The Wall Street Journal reported in the January 9-10, 2010 edition that the U.S.’s handling of security nowadays is an ever-losing proposition. The article calls it a virtual game of “Terrorball,” in which we cannot win, because there only two perpetual rules:
· “The game lasts as long as there are terrorists who want to harm Americans; and
· If terrorists should manage to kill or injure or seriously frighten any of us, they win.”
Based on the above, I believe that we can only win the game by changing its rules. Rather than being reactive to every terror scare, we are prepared with one approach—one that delivers an optimal level of security based on the current level of risk.
I recall when Michael Chertoff was Secretary of Homeland Security.

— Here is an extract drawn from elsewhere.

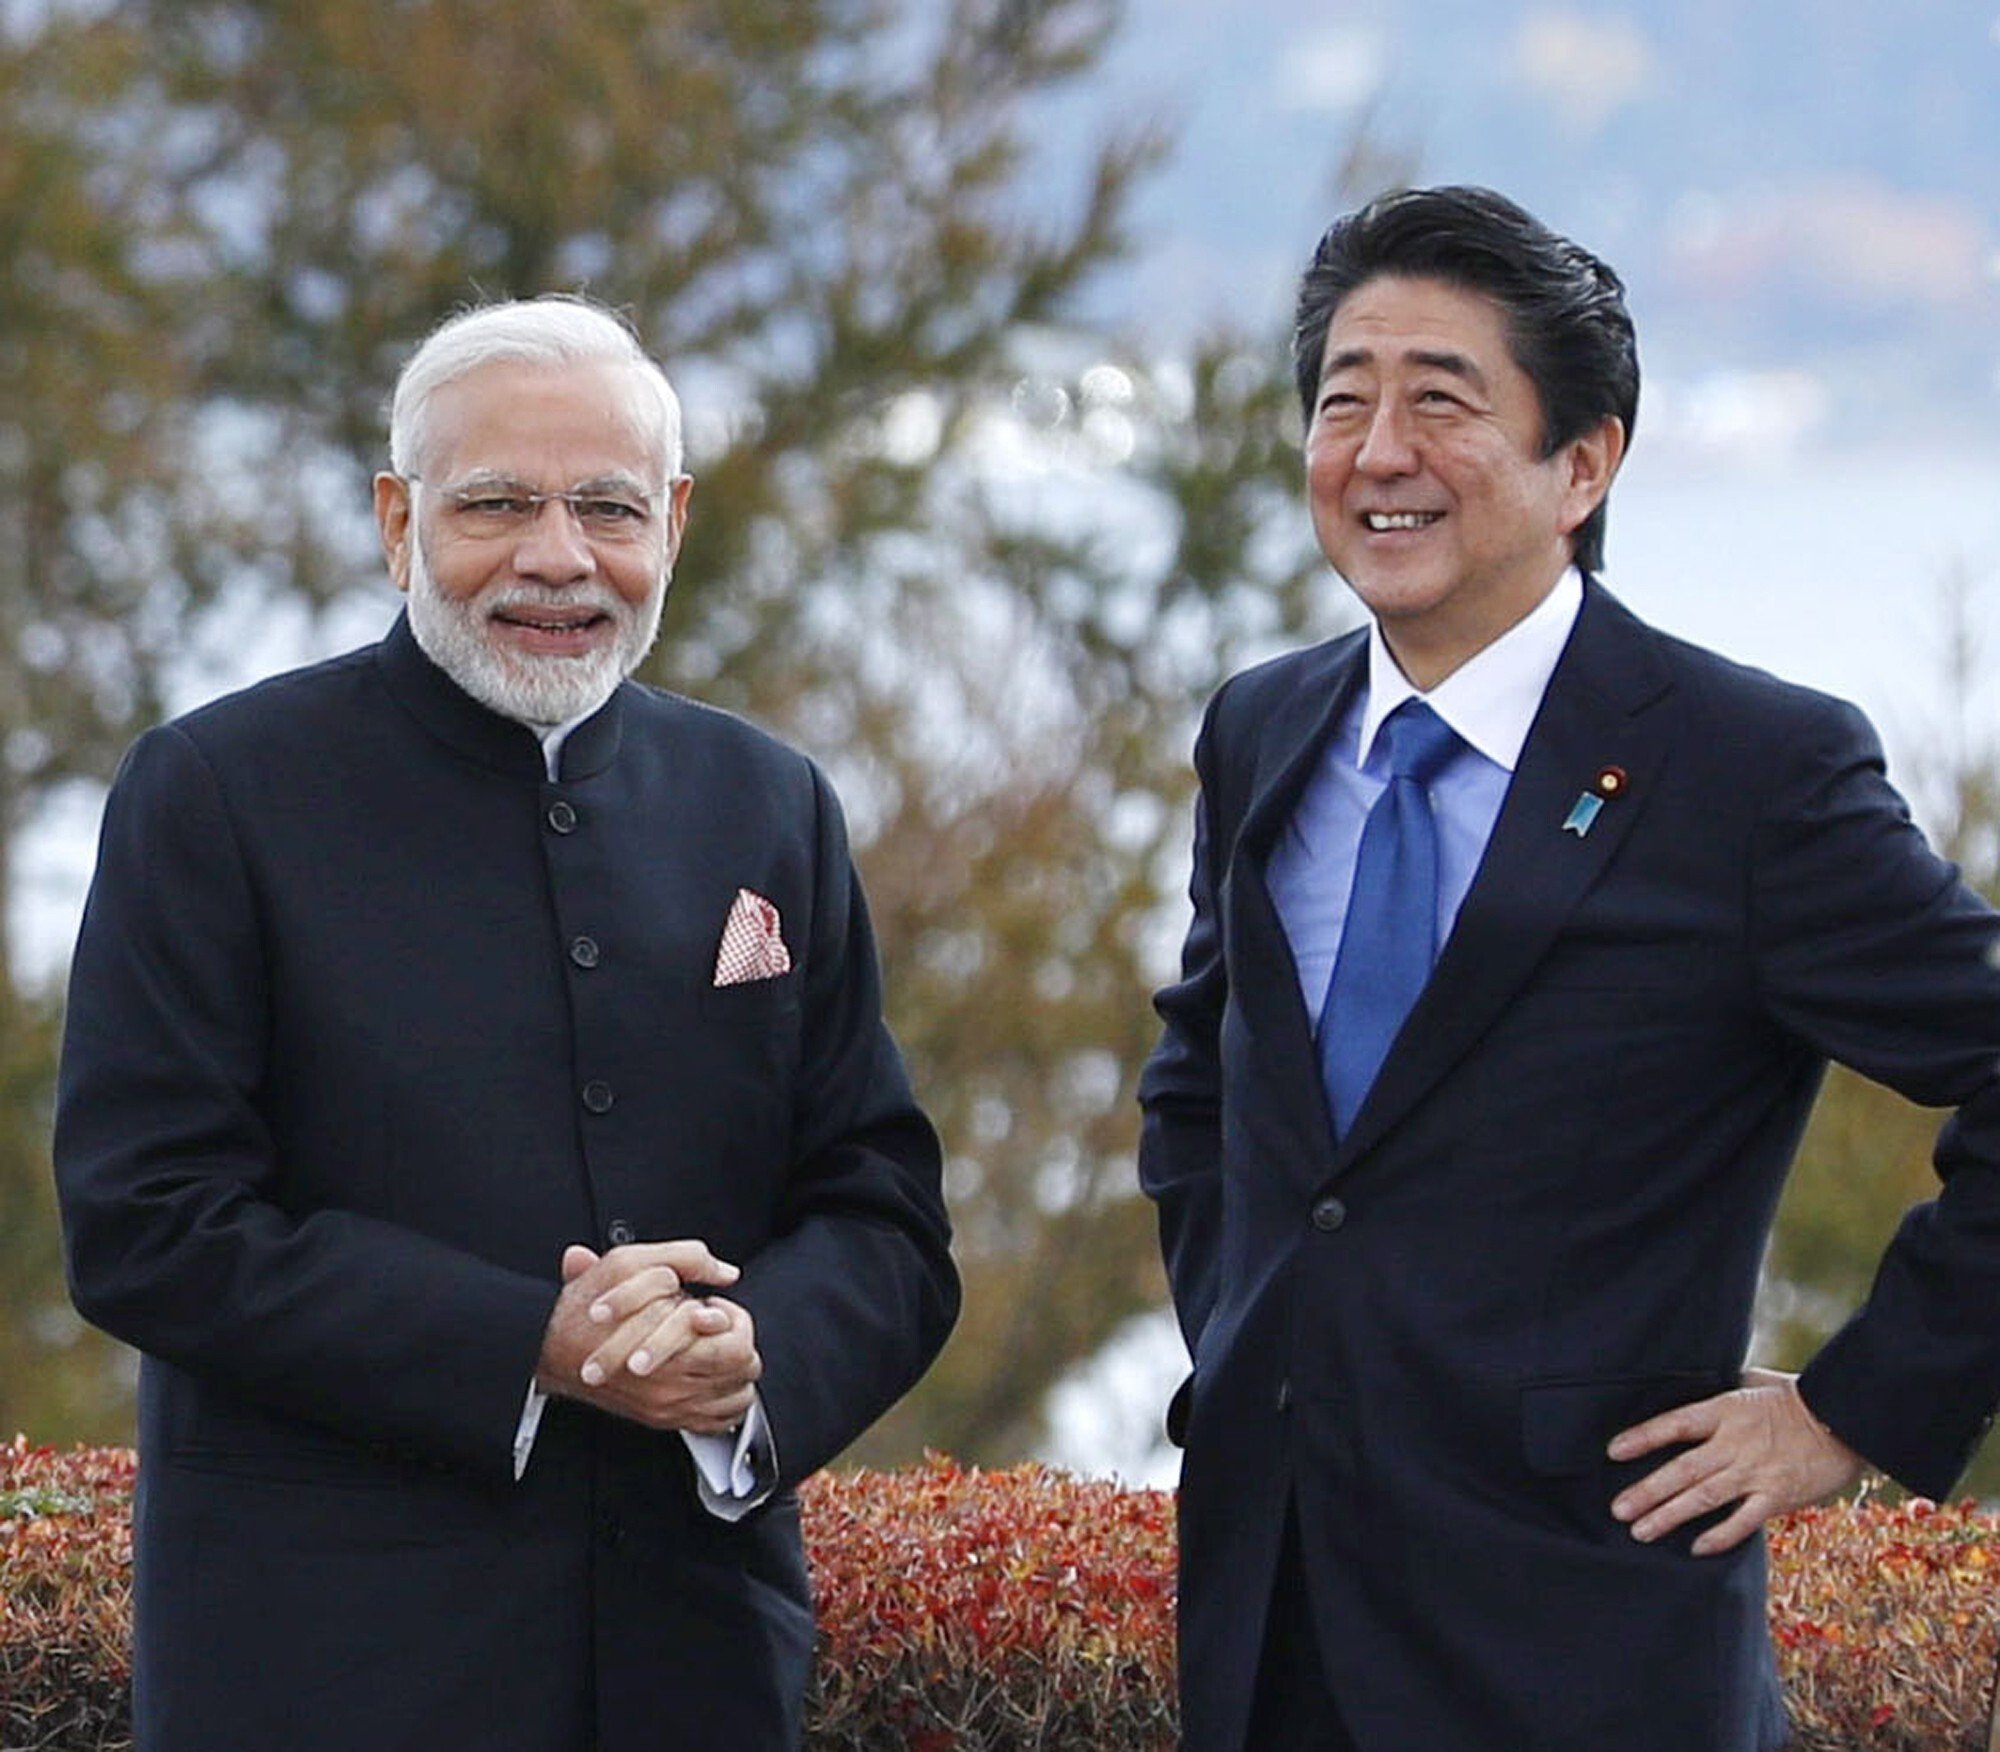 India’s Prime Minister Narendra Modi and Japan’s Prime Minister Shinzo Abe share a light moment in a hotel garden in Yamanakako village, Yamanashi prefecture, Japan, in October 2018. Photo: AP

During that time, he was a strong advocate for a risk-based approach that was multilayered, strong yet flexible enough to accommodate changing circumstances. From that perspective, which I think made a lot of sense: security decisions are made on the basis of objective criteria. These include technical feasibility, maximum effect, cost-benefit analysis, and so on.
A risk-based approach, or what I call “optimal security,” clearly makes a lot of sense. Yet it is tempting, when a security situation actually occurs, to let emotions get the better of us. On the one extreme, sometimes hysteria takes place and everybody seems a potential threat. Other times, we get angry that anyone at all is subjected to scrutiny or questioning.
In order to save the most lives and change the terror game, we have to decide to become more rational about the threat that faces us. This doesn’t mean being cold and calculating, but rather rational and proactive in developing a security architecture and governance that seeks to protect the most with the least negative impacts—but not trying to plug every possible hole at all costs.
In optimal security: sure, there is the ideal where we want to protect every American from every possible threat. However, there is also the reality where, because of competing priorities and scarce resources (to address everything from the deficit, health care, education, social programs, energy, science, defense, and more) we cannot—no matter how much we genuinely want to—prevent every terror instance.
So the terror playbook can and should be transformed. We can recognize there will always be terrorists—enemies of the state—who want to harm us and given enough attempts, no matter how optimal our security, they will occasionally get a sucker punch in on us—and we must be prepared for this. Moreover, rather than “freaking out” about this the terror threat, we can grow and commit to doing the best we can and accepting that we will increase security when information is there to support that need, and we will relax when that becomes possible.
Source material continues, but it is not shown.